Isolate A-BL-31. White cottony colonies developed on PDA, reaching a diameter of 3 cm in five days. Numerous black, acervular conidiomata exuding conidial masses were produced. Fusiform, straight, 5-celled conidia measured 20.0 - 28.7 µm (22.8 µm) × 6.0 - 8.6 µm (7.4 µm). Their three olivaceous median cells were 16.1 - 19.2 µm (17.3) µm long, while apical and basal cells were hyaline, with three apical appendages 17.4 - 32.5 µm (20.9) µm long and one basal appendage 4.1 - 7.8 µm (6.1 µm) long. Based on [23] and [24] , the isolate was identified as Pestalotiopsis guepinii (Desm.) Steyaert.

Isolate A-BL-32. Colonies on PDA were initially whitish and rapidly turned grayish brown. They sporulated profusely producing conidia arranged in botryose clusters. Conidia were hyaline, smooth-walled, oval, with a distinctive slightly protuberant hilum, and measured 8.2 - 11.9 µm (10.1 µm) × 5.8 × 7.9 µm (6.7 µm). Numerous, 2.2 - 3.9 mm (3.0 mm) × 1.9 - 3.0 mm (2.6 mm), black, round to elliptical sclerotia developed in circles near the margin of 10-days colonies. According to the observed characteristics, the isolate was identified as Botrytis cinerea Pers. [25] .

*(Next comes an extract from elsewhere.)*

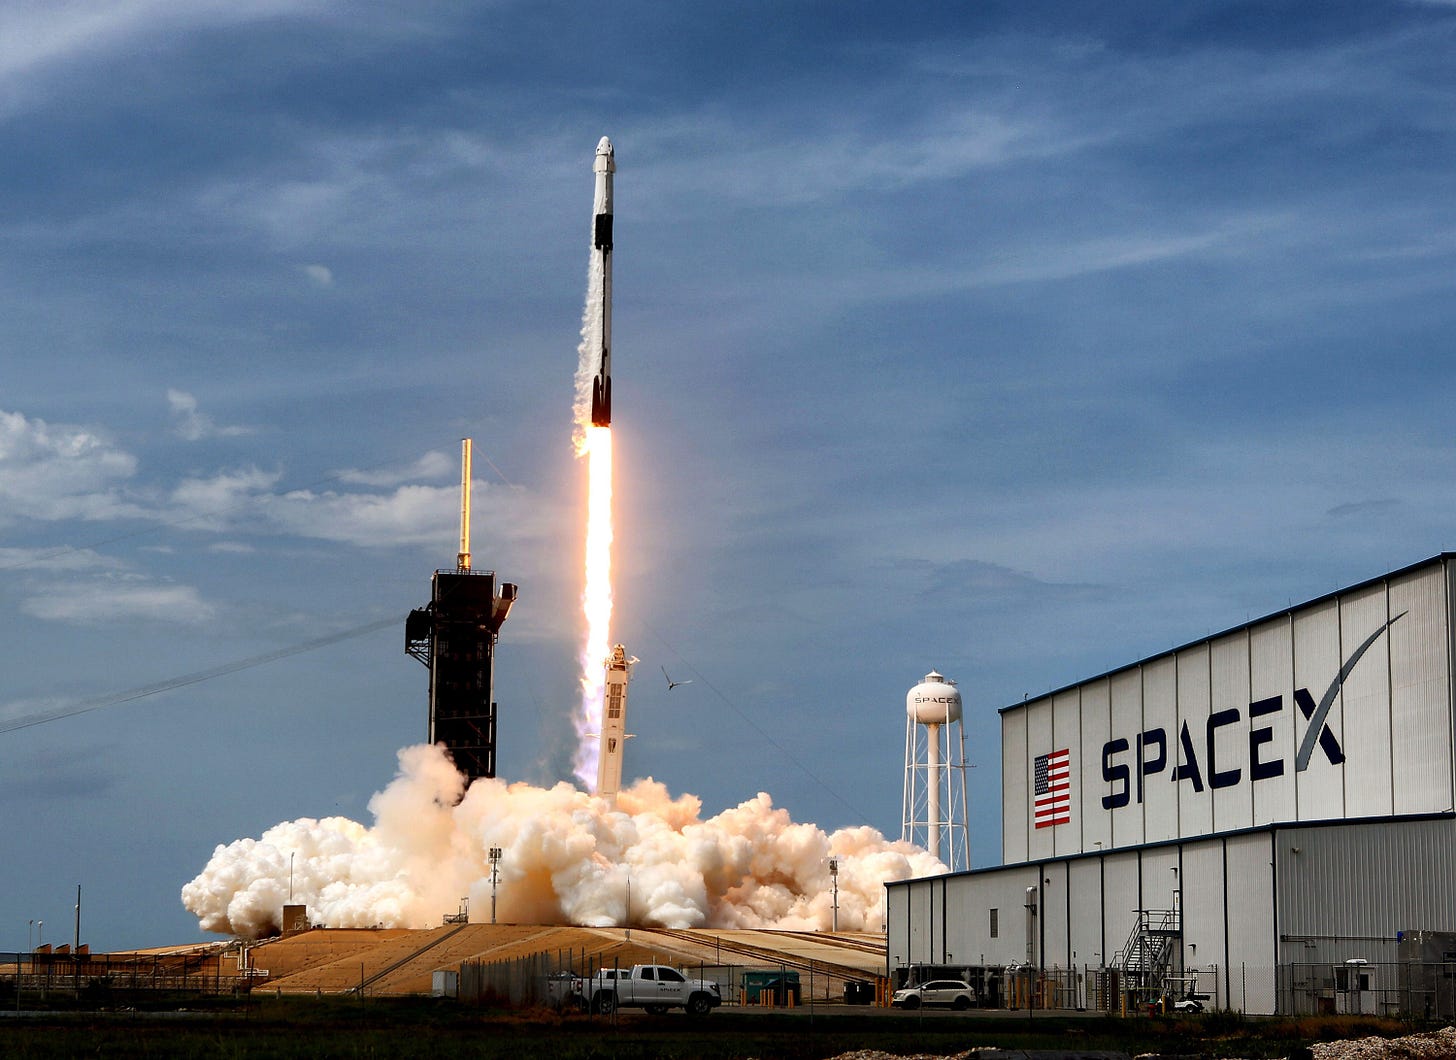 SpaceX has reportedly been developing a network of spy satellites

Isolate A-BL-33. Colonies grown on PDA were initially white, becoming light to dark gray with the onset of sporulation. Black, spherical to sub-spherical, one-celled, free conidia measured 14 - 19 µm (17.2 µm) × 12 - 17 µm (16.0 µm). Conidia were borne on a hyaline vesicle at the tip of the conidiophore. These characteristics agree with published descriptions of Nigrospora sphaerica (Sacc.) E.W. Mason [26] [27] .

Isolate A-BL-34. The isolate grew rapidly on malt extract agar (MEA) and produced round unicellular conidia borne in columns from ampulliform phialides. On the basis of these features, it was identified as Penicillium sp. [28] .

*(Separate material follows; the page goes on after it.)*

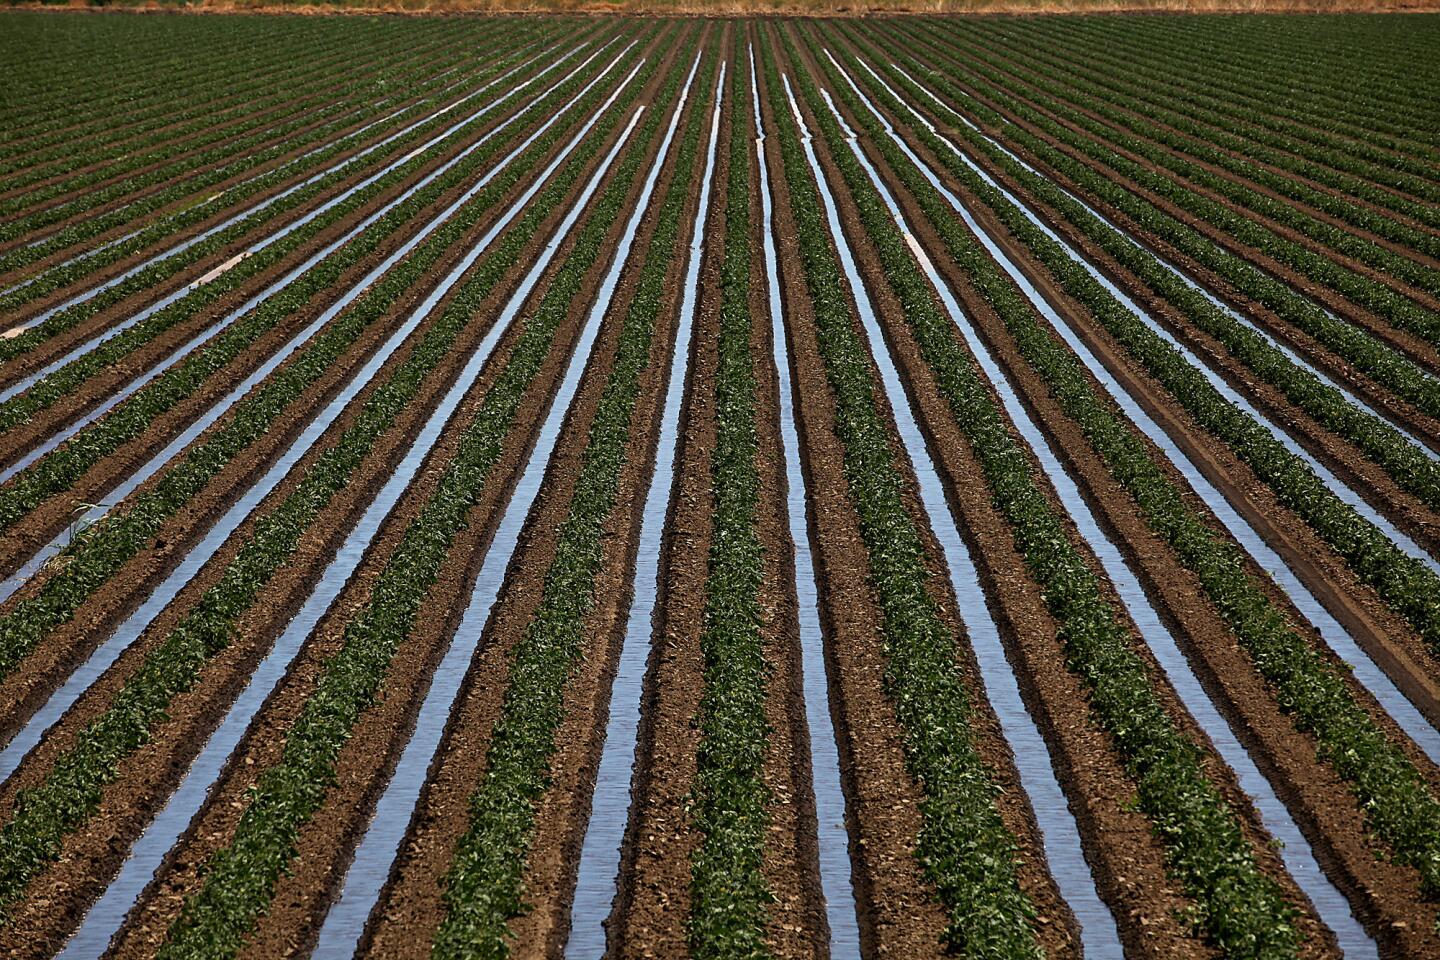 Irrigated rows

Isolate A-BL-35. On PDA, colonies developed profuse white cottony mycelium and produced sclerotia which were large, black, irregularly shaped and measured 2.1 - 8.9 mm (6.2 mm) in length. They were distributed at random on the culture mediums, especially at the periphery of the colonies. No reproductive structures were observed. Based on the descriptions provided by [29] and [30] the isolate was identified as Sclerotinia sclerotiorum (Lib.) de Bary.

Isolate A-BL-36. The colonies grew fast on PDA. Conidiophores enlarged at its apex to form a rounded vesicle. The fertile area of the vesicle gave rise to a layer of phialides that produced long chains of black conidia. These features led to the identification of the isolate as Aspergillus sp. [31] .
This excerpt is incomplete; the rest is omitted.